A Pokémon battle coin from a 1999 Wizards of the Coast tin. A Battrio Master puck pulled from a Japanese arcade in 2008. A 1984 7-Eleven Slurpee lenticular disc from the bottom of a cup that a kid in Pittsburgh was too excited to throw away. A clay poker chip from the original Sands Casino before the wrecking ball came. These aren't afterthoughts. These are the pieces the big grading companies built zero infrastructure to protect — and Collector's Grade is done letting that slide.
Here's what actually happened: PSA shoved Pokémon coins and Battrio pucks through the same process built for cardboard. CGC eventually started grading Pokémon coins and made a big deal about their "dedicated holder" — but Collector's Grade was already there first. CG built a dedicated coin slab before CGC ever entered the space. Nobody grades 7-Eleven Slurpee baseball discs with any real framework. Arcade tokens and casino poker chips get five adjective tiers at best — "New," "Slightly Used," "Average" — with zero magnification criteria and zero surface-specific language. That's not grading. That's a sticky note on a shoebox.

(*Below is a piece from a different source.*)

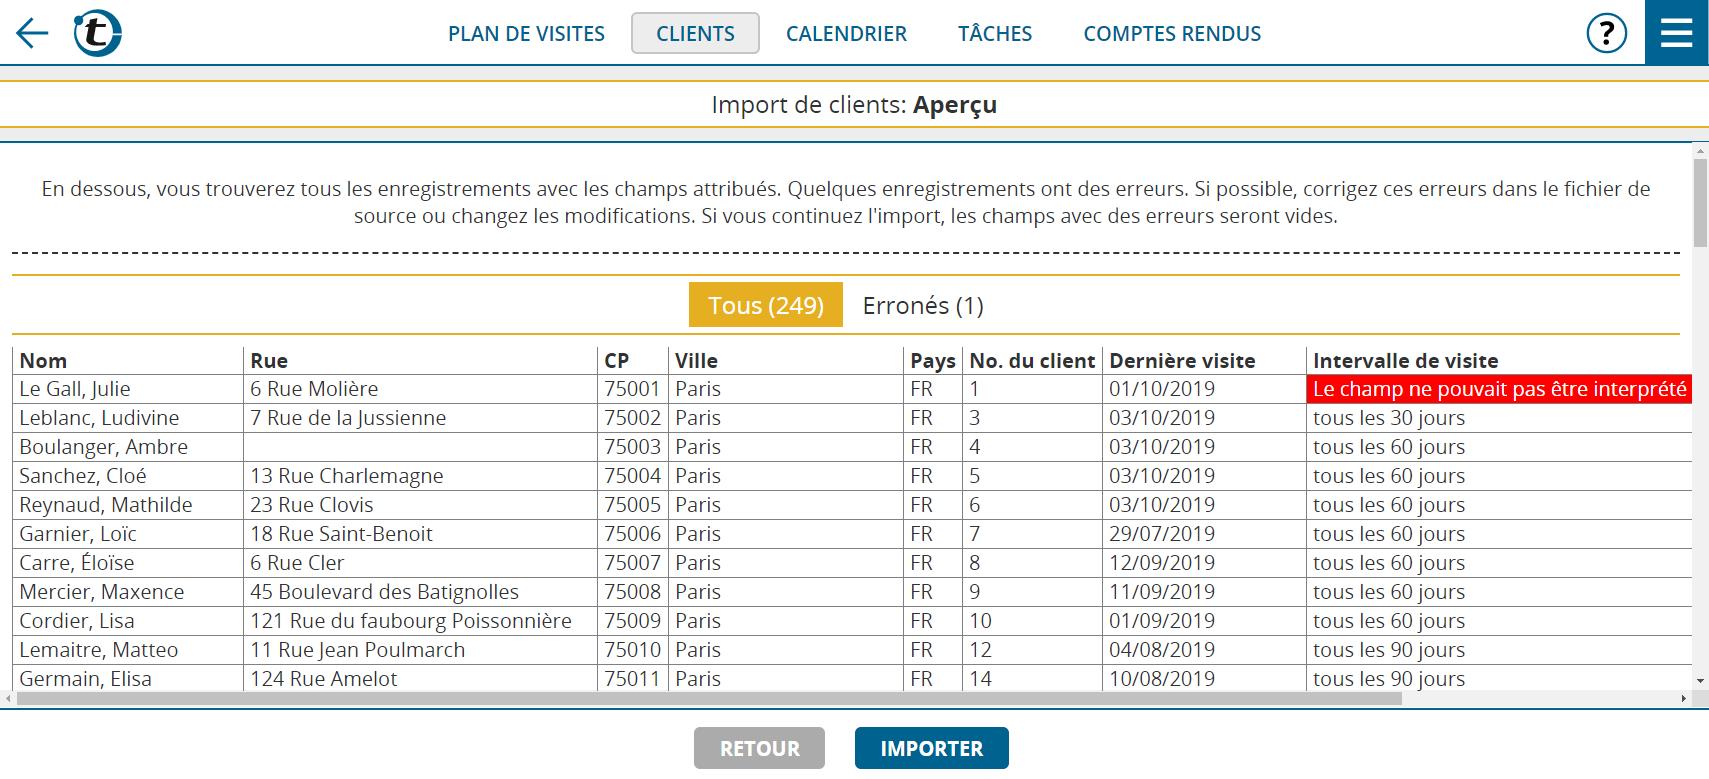 customerimport-preview-fr.png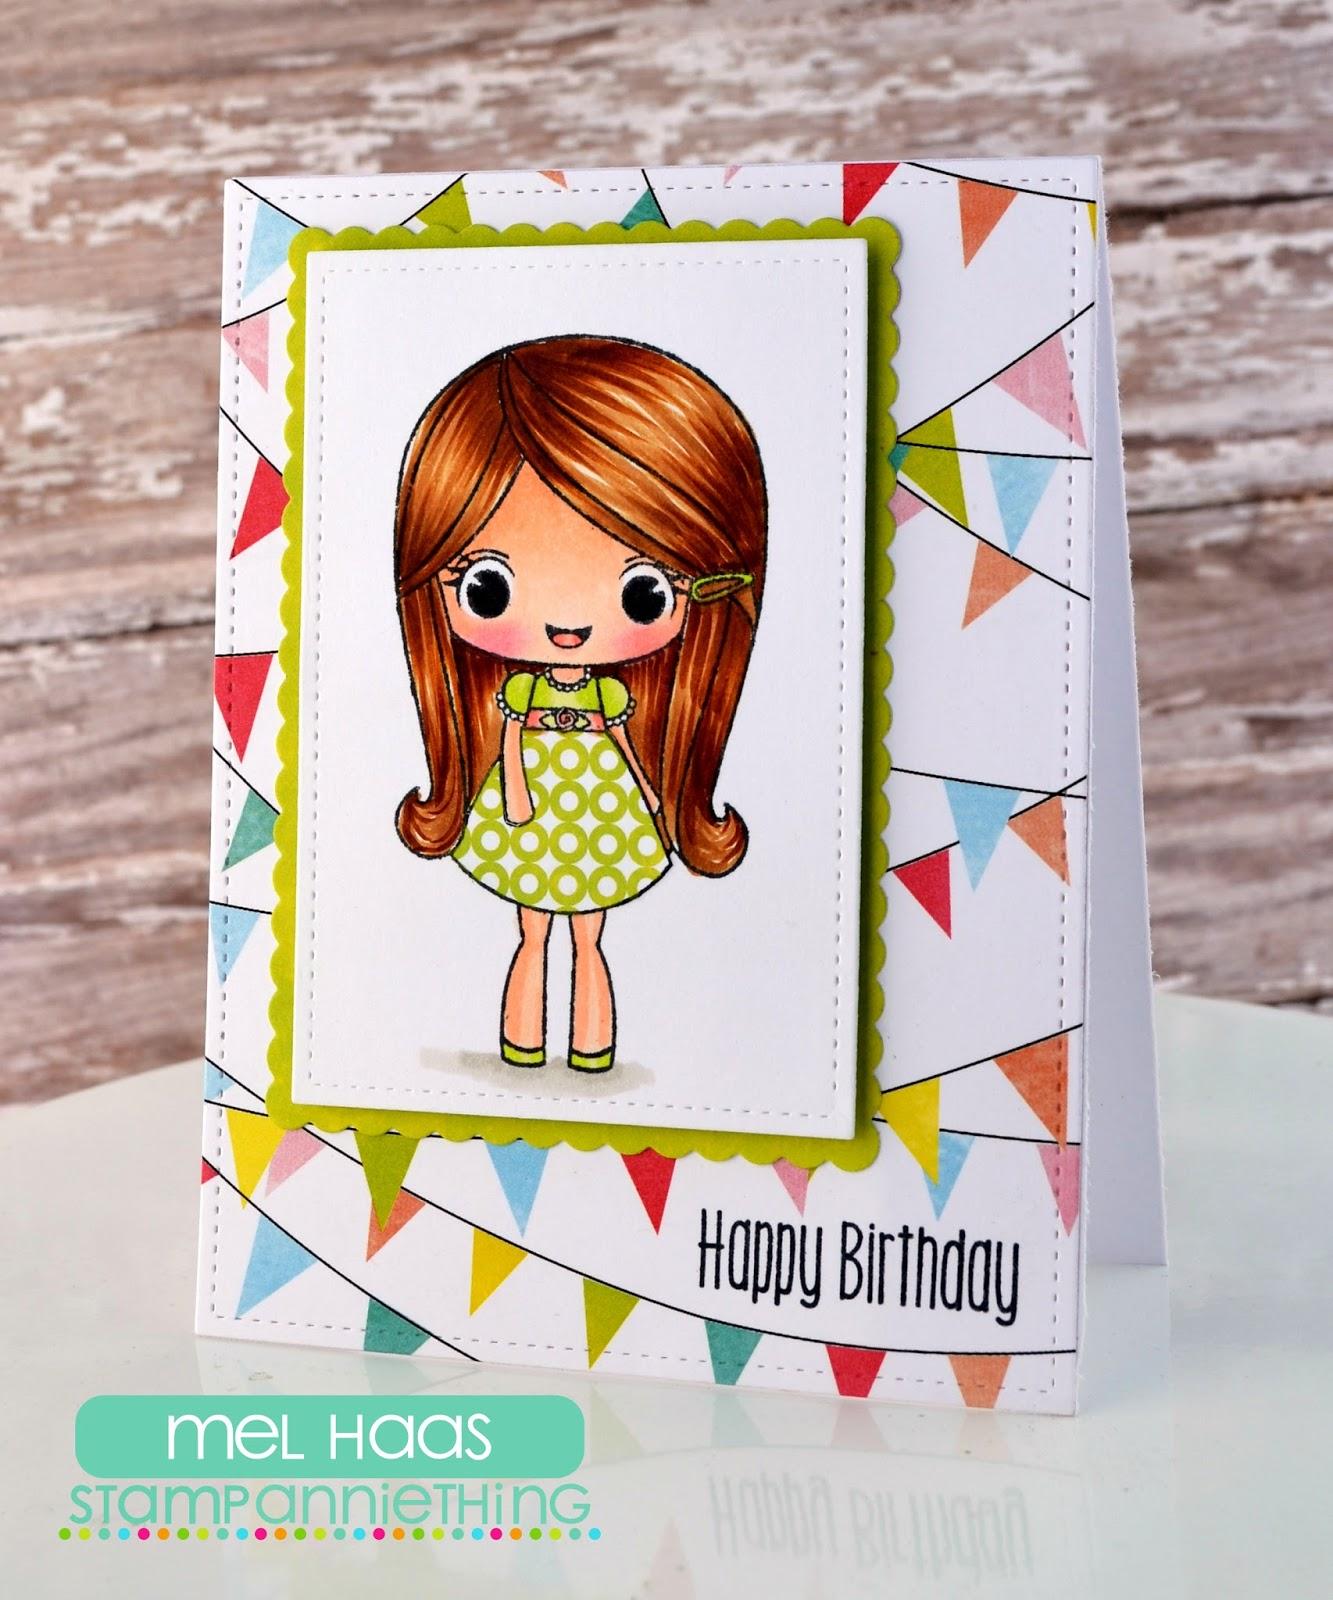 Stamp Annie Thing Birthday Greetings From Melanie

1. Built From Scratch — Because Nobody Else Did
No other grading company has written a dedicated scale for this category. PSA uses its card scale. The Casino Chips & Gaming Tokens Collectors Club uses five adjective tiers with no magnification criteria. We built our scale from the ground up — item type by item type, wear pattern by wear pattern — because a clay Paulson chip wears differently than a ceramic Chipco, a Battrio puck has arcade-specific wear patterns a card never faces, and a lenticular sports disc has functional characteristics that no card scale was ever designed to evaluate. These objects deserved criteria written specifically for them. So we wrote them.
2. Honest Label Designations
At grade 5 and below, CG notes applicable condition designations directly on the label: Cancelled/Modified for chips and tokens that were drilled, notched, or overstamped at end of casino service life, and Lenticular Impaired for sports discs where image shift function has been compromised. You get the full truth on the label — not just a number.
3. We Grade What Others Ignore
A cracked chip from the original Flamingo. A worn Battrio puck from a 2007 expansion that never made it outside Japan. A heavily played 7-Eleven Rod Carew disc from 1983. A Pokémon promotional coin from the first WotC era that lived in a tin for twenty-five years. If it's real, CG slabs it. Because the condition tells you what it went through — and the slab tells you it survived.